Abstract
The accurate determination of sugar content in tangerines plays a pivotal role in assessing their quality, nutritional value, and marketability. Traditional methods for sugar quantification often involve time-consuming and resource-intensive processes. In this paper, we introduce a novel approach for sugar determination in tangerines utilizing fluorescence spectroscopy in conjunction with an improved Partial Least Squares (iPLS) algorithm. A robust testing model was developed, incorporating a diverse dataset of tangerine samples with known sugar concentrations. Fluorescence spectra were acquired for 80 samples, of which 37 were used to build the iPLS model and were considered as the training dataset. The remaining 43 samples served as the validation dataset and were used to show the model’s efficacy. The training dataset was evaluated using cross-validation, and F-values were computed to determine how many main components should be utilized to build the model. The result approved validation dataset’s R-square and root-mean-square error were 0.9777 and 0.002992, respectively.

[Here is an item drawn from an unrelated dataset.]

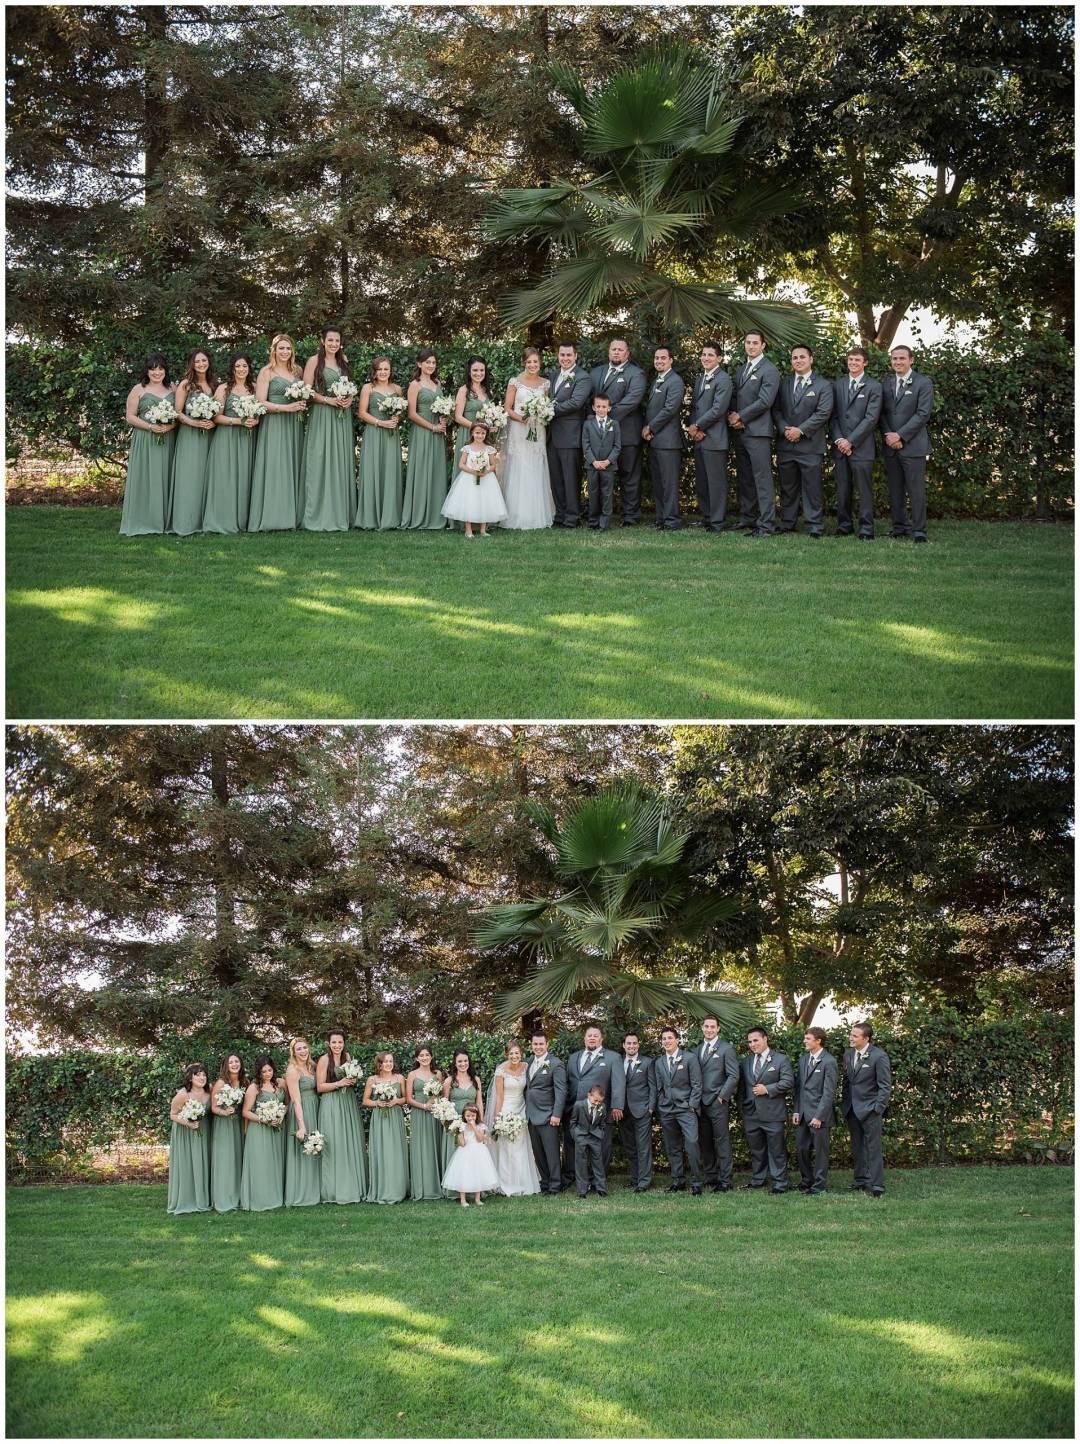 Kelcie & Devin Wedding Third Element Photography & Cinema Koetsier Ranch Visalia Tulare Fresno Hybrid Film Wedding Photographer_0014
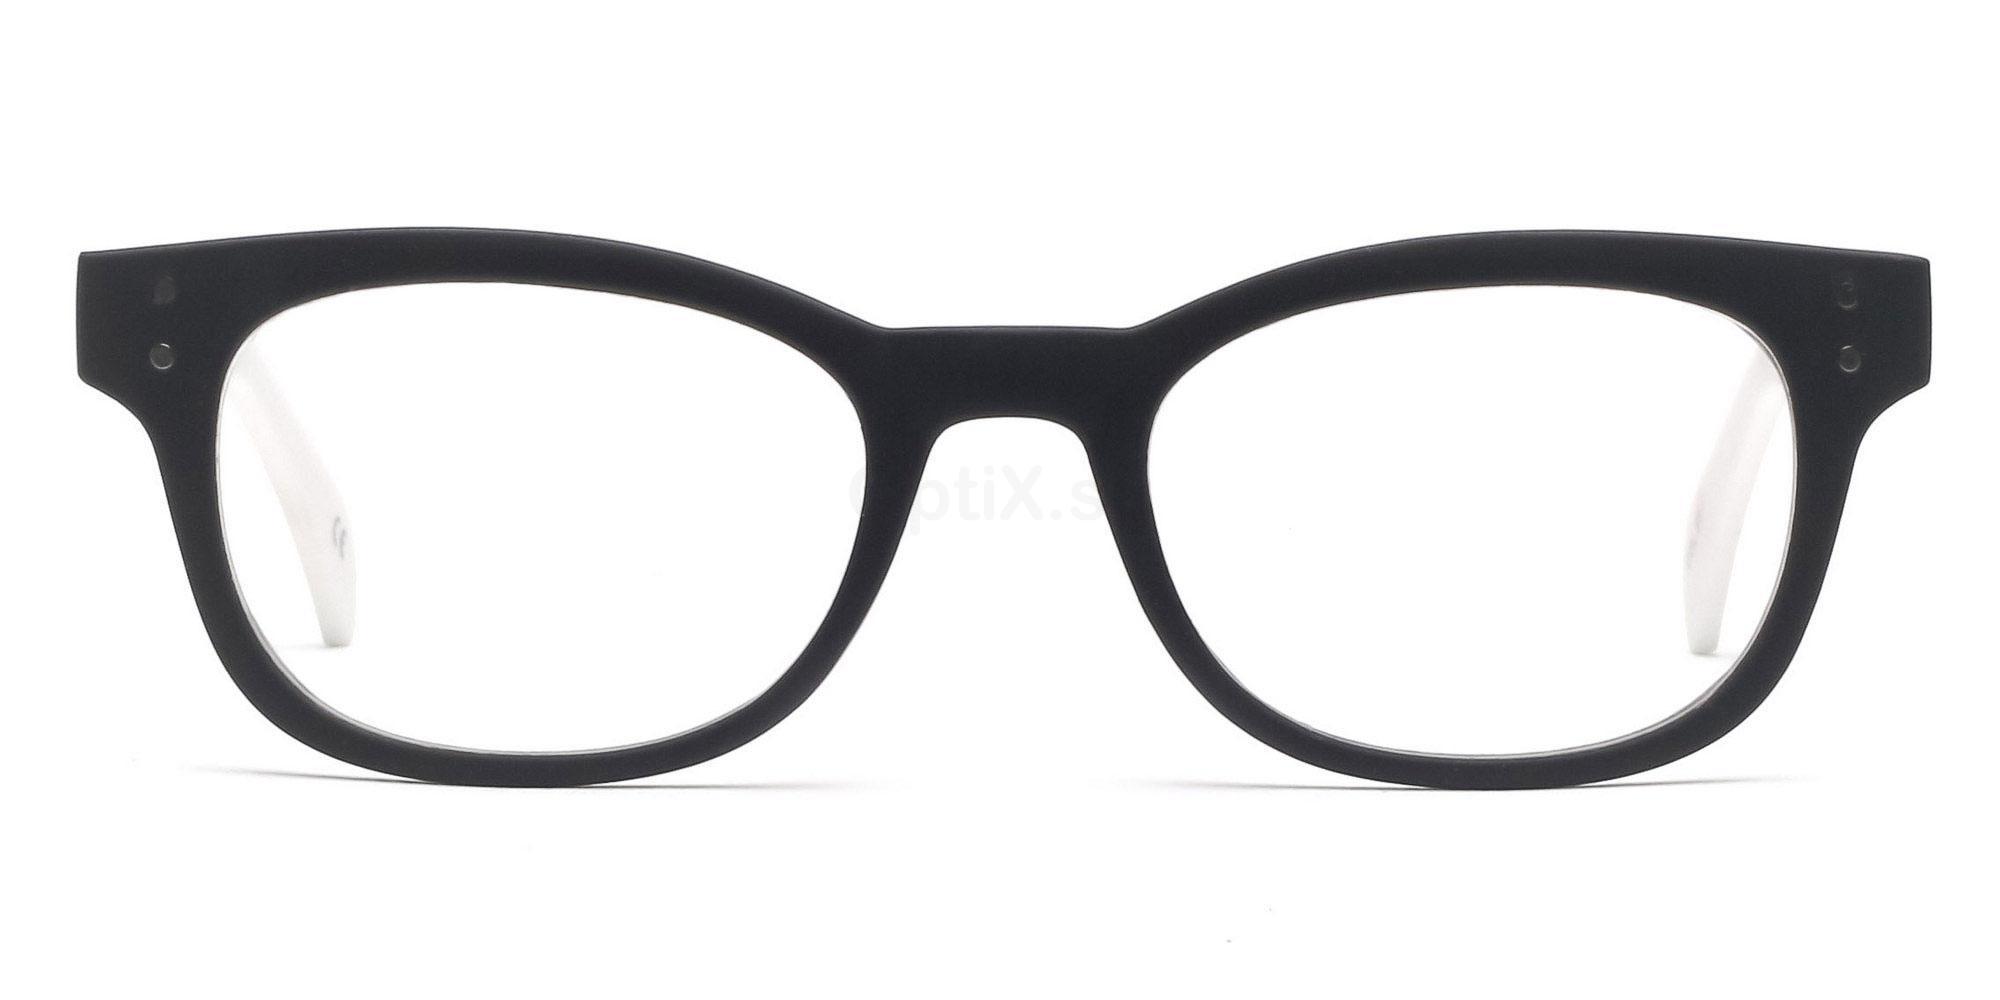 C91 2249 - Matte White Glasses, Savannah

These findings open the door to broader applications in the citrus industry and beyond, with the potential for automating the analysis process and improving overall quality control.
Introduction
Tangerines, renowned for their sweet and tangy flavor, are a popular citrus fruit enjoyed worldwide.1,2 The sugar content in tangerines not only influences their taste but also serves as a critical indicator of their quality, ripeness, and nutritional value. As such, accurate and efficient methods for determining sugar levels in tangerines are of paramount importance to growers, distributors, and consumers alike. The sugar profile of tangerines encompasses several components, with the primary focus often placed on measuring the concentration of simple sugars, such as glucose, fructose, and sucrose. These sugars contribute not only to the fruit’s sweetness but also influence its texture and mouthfeel. The intricate balance of sugars in tangerines undergoes dynamic changes during the fruit’s maturation process, impacting both taste perception and the overall sensory experience. In the realm of sugar assessment for tangerines, standardized methods and protocols are imperative to ensure accuracy and reliability. Various techniques, such as chromatography, spectrophotometry, and spectroscopy, are employed to quantify sugar levels with precision. These methods provide a detailed breakdown of the sugar composition, aiding in the evaluation of specific sugar types and their relative proportions. Furthermore, industry standards often guide the assessment of sugar in tangerines, outlining parameters for acceptable sugar levels that align with desired flavor profiles. Soluble Solids Content (SSC), representing the total dissolved solids in the fruit juice, is a key metric. Additionally, Titrable Acidity (TA), reflecting the acidity of the juice, complements the assessment, offering a comprehensive view of the fruit’s organoleptic properties. Therefore, a rapid, efficient, and high-precision detection method for sugars in tangerine has an important application value for the development of the tangerine industry.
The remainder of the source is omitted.